Easy access to the BusinessOptics API, based on the python requests library.

For example:

```python
from businessoptics import Client

print Client(auth=('user@example.com', 'apikey')).workspace(123).query('ideaname').tuples()
```

Installation
------------
```bash
pip install businessoptics
```

Authentication
--------------

Construct a new Client.

Authentication details can either be passed in directly:
```python
client = Client(auth=('user@example.com', 'apikey'))
```

or be extracted from environment variables:

* BUSINESSOPTICS_EMAIL
* BUSINESSOPTICS_APIKEY

so you can go

```python
client = Client()
```

or from a `~/.businessoptics_client.config` JSON file of the form

```json
{
"user@example.com": "<apikey>",
"other@example.com": "<apikey>"
}
```

so you can easily switch between multiple users and create a client as below

```python
client = Client(auth="user@example.com")
```

Usage
-----

The client uses logging to show what it's doing, so make sure you have logging configured. A quick way to do this is as follows:

```python
from businessoptics import setup_quick_console_logging

setup_quick_console_logging()
```

### Run a query and download tuples

```python
client = Client()
workspace = client.workspace(123)

# For a single idea:
tuples = workspace.query('idea_name1').tuples()
# tuples is now a list of dictionaries

# For multiple ideas:
query = workspace.query(['idea_name1', 'idea_name2'])
tuples1 = query.tuples('idea_name1')
tuples2 = query.tuples('idea_name2')

# For large numbers of tuples:
for tup in query.tuple_generator('idea_name1'):
process(tup)

# Get a (possibly cached) pandas dataframe of tuples:
df = query.to_df('idea_name1')

# Quick queries have a similar API, e.g.
tuples = workspace.quick('idea_name1').tuples()
```

### Upload tuples to a dataset

```python
dataset = client.dataset(456)
dataset.upload_tuples(
[{'id': 1, 'name': 'alice'}],
[{'id': 2, 'name': 'bob'}],
)

# Or use a generator for large amounts of tuples, e.g.
def tuples():
for i, tup in enumerate(large_database_query()):
tup['id'] = i
yield tup

dataset.upload_tuples(tuples())

# Or upload a pandas DataFrame
df = pd.read_csv(...)
dataset.upload_df(df) # Uploads all the columns, but not the indexes
dataset.upload_df(df.reset_index()) # Uploads all the indexes as well

```

### Download a file from Google Drive

```python
from businessoptics import gdrive_file

# Get URL by clicking on a file and then 'Get shareable link' in Google Drive
gfile = gdrive_file('https://drive.google.com/open?id=ABCDEF123')

gfile.path() # The path to the downloaded file
gfile.open() # Open the file
gfile.unzip() # Unzip the file, returning a similar object. The zip must only contain one file
gfile.untar() # Untar the file. Similar to the above, but use for '.tar.gz'.
gfile.unzip('the_only_file_you_need.csv') # extract a specific file when there are many

# Read a zipped CSV into Pandas
df = pd.read_csv(gfile.unzip().path())
```

### Upload a file to Google Drive

```python
from businessoptics import upload_to_google_drive

# File will be called 'a_local_file.csv' on Google Drive
upload_to_google_drive('path/to/a_local_file.csv')

# File will be called 'name_on_drive.csv' on Google Drive
upload_to_google_drive('path/to/a_local_file.csv', 'name_on_drive.csv')

# File will be zipped before upload and will be called 'a_local_file.csv.zip' on Google Drive
upload_to_google_drive('path/to/a_local_file.csv', zipit=True)
```

### Controlling the download cache

If the `/global_cache` folder is present (e.g. it is on jupyter.businessoptics.net) then by default cached files (from `gdrive_file()` or `.to_df()`) are stored there and shared by everyone.
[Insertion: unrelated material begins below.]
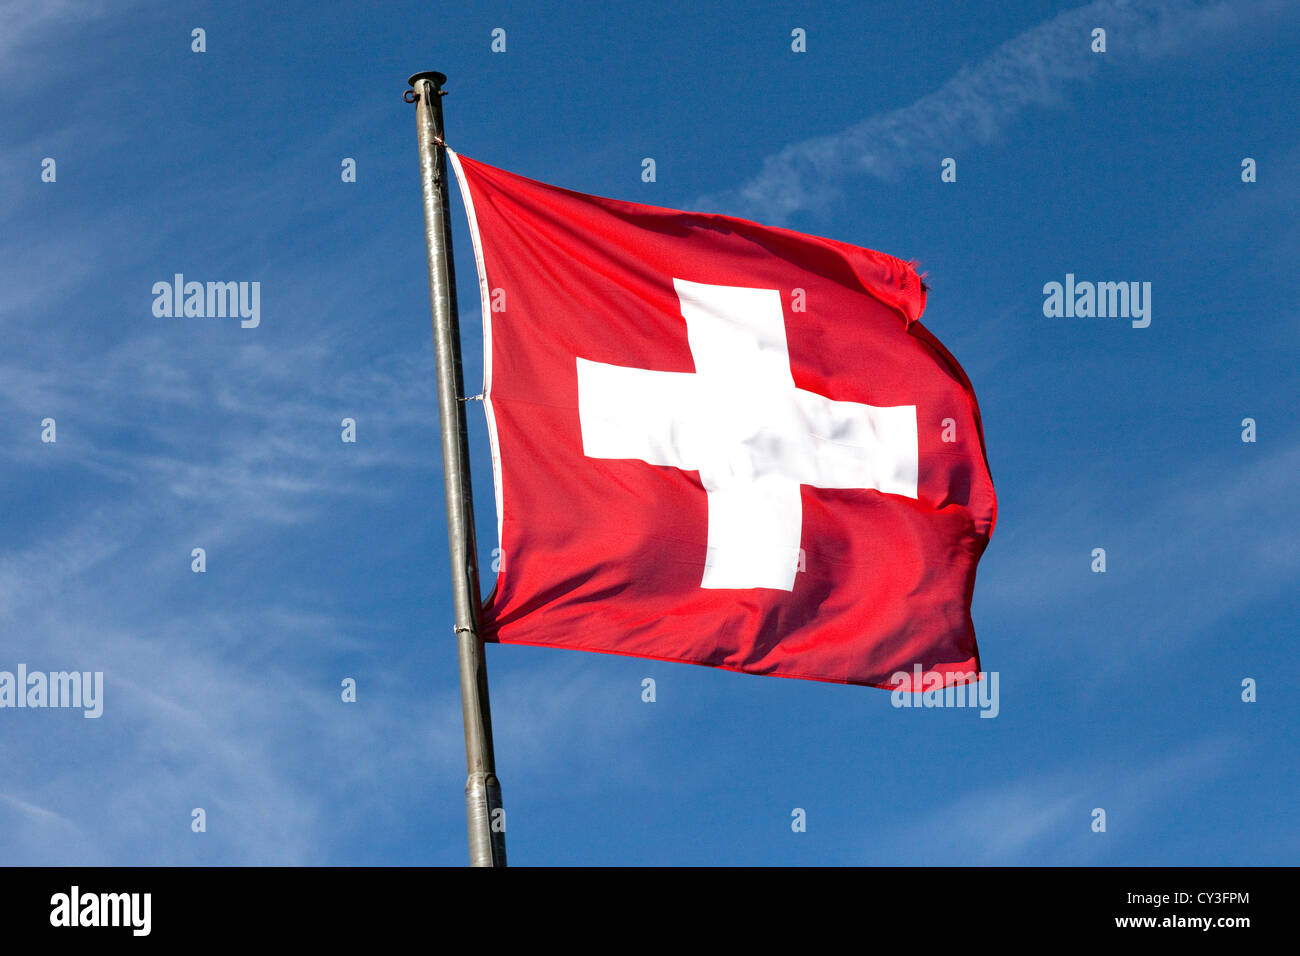 Schweizer Flagge der Schweiz auf einem blauen Himmel Stockfotografie - Alamy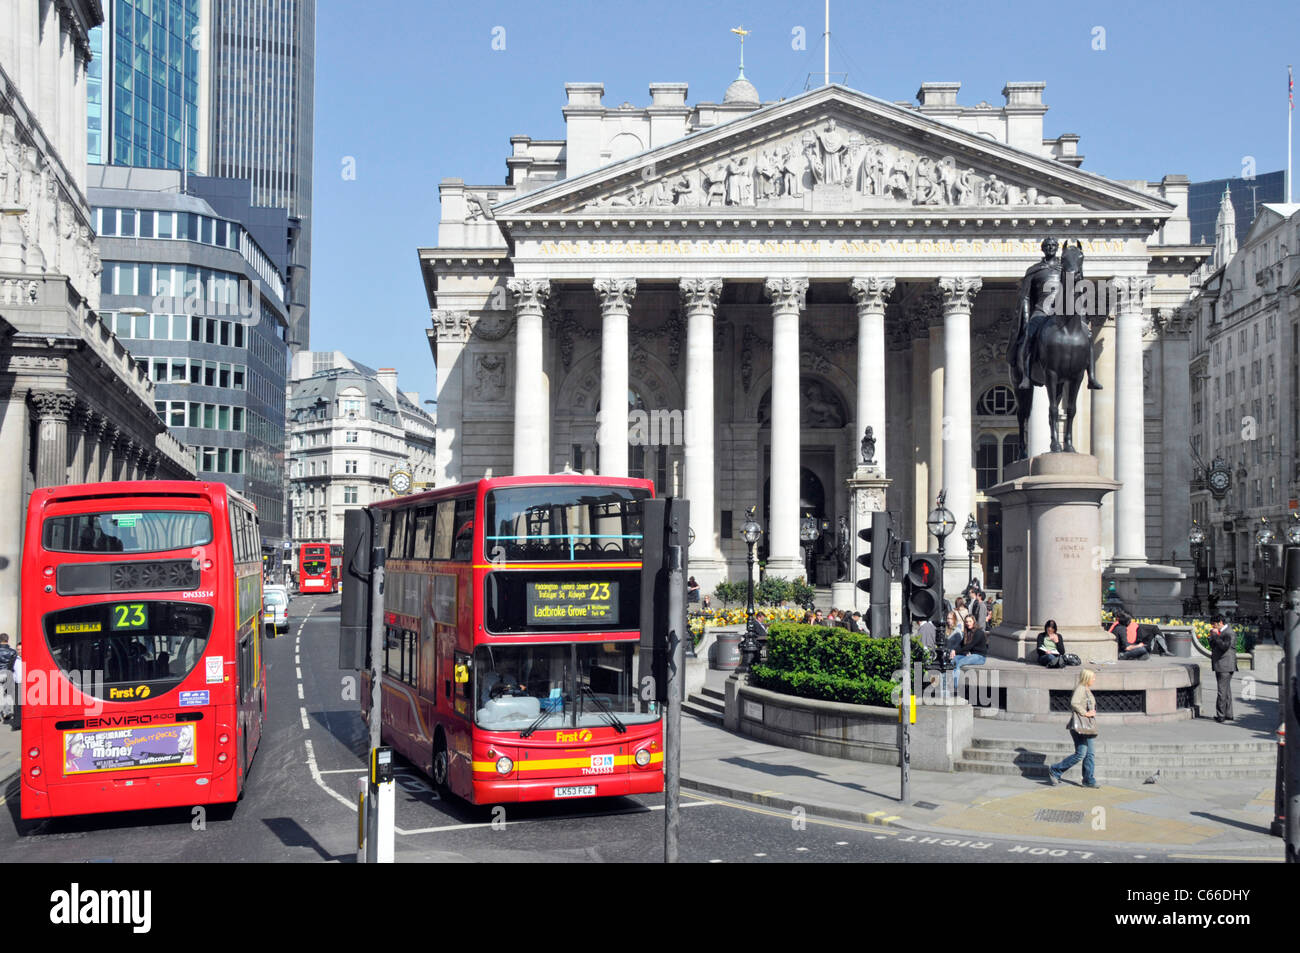 London bus des transports publics dans la région de Threadneedle Street dans le mille carré de ville de Londres avec le Royal Exchange building (centre) Scène de rue à Londres UK Banque D'Images

This may lead to strange behaviour if multiple people are downloading the same behaviour. You can avoid this and only use the cache in your home folder as follows:

```python
from businessoptics import isolate_cache

isolate_cache()
```

### Generic API usage

Every Client instance has a base URL. All requests made from it start from that base, and you can optionally add more to the URL for the request. For example:

```python
client = Client() # client.base_url is ''
workspace = client.workspace(123) # workspace.base_url is '/api/v2/workspace/123'

# sends a GET request to /api/v2/workspace/123, returning metadata about the workspace
workspace.get()

# sends a GET request to /api/v2/workspace/123/query, returning the query history
# of the workspace
workspace.get('query')
```

The API responds with JSON which is automatically parsed into Python data structures, with a dictionary at the top.

If you want to send a POST, PUT, or DELETE request, use the `post/put/delete` method. You will probably need to specify the `json` keyword argument with some dictionary for the body of the request.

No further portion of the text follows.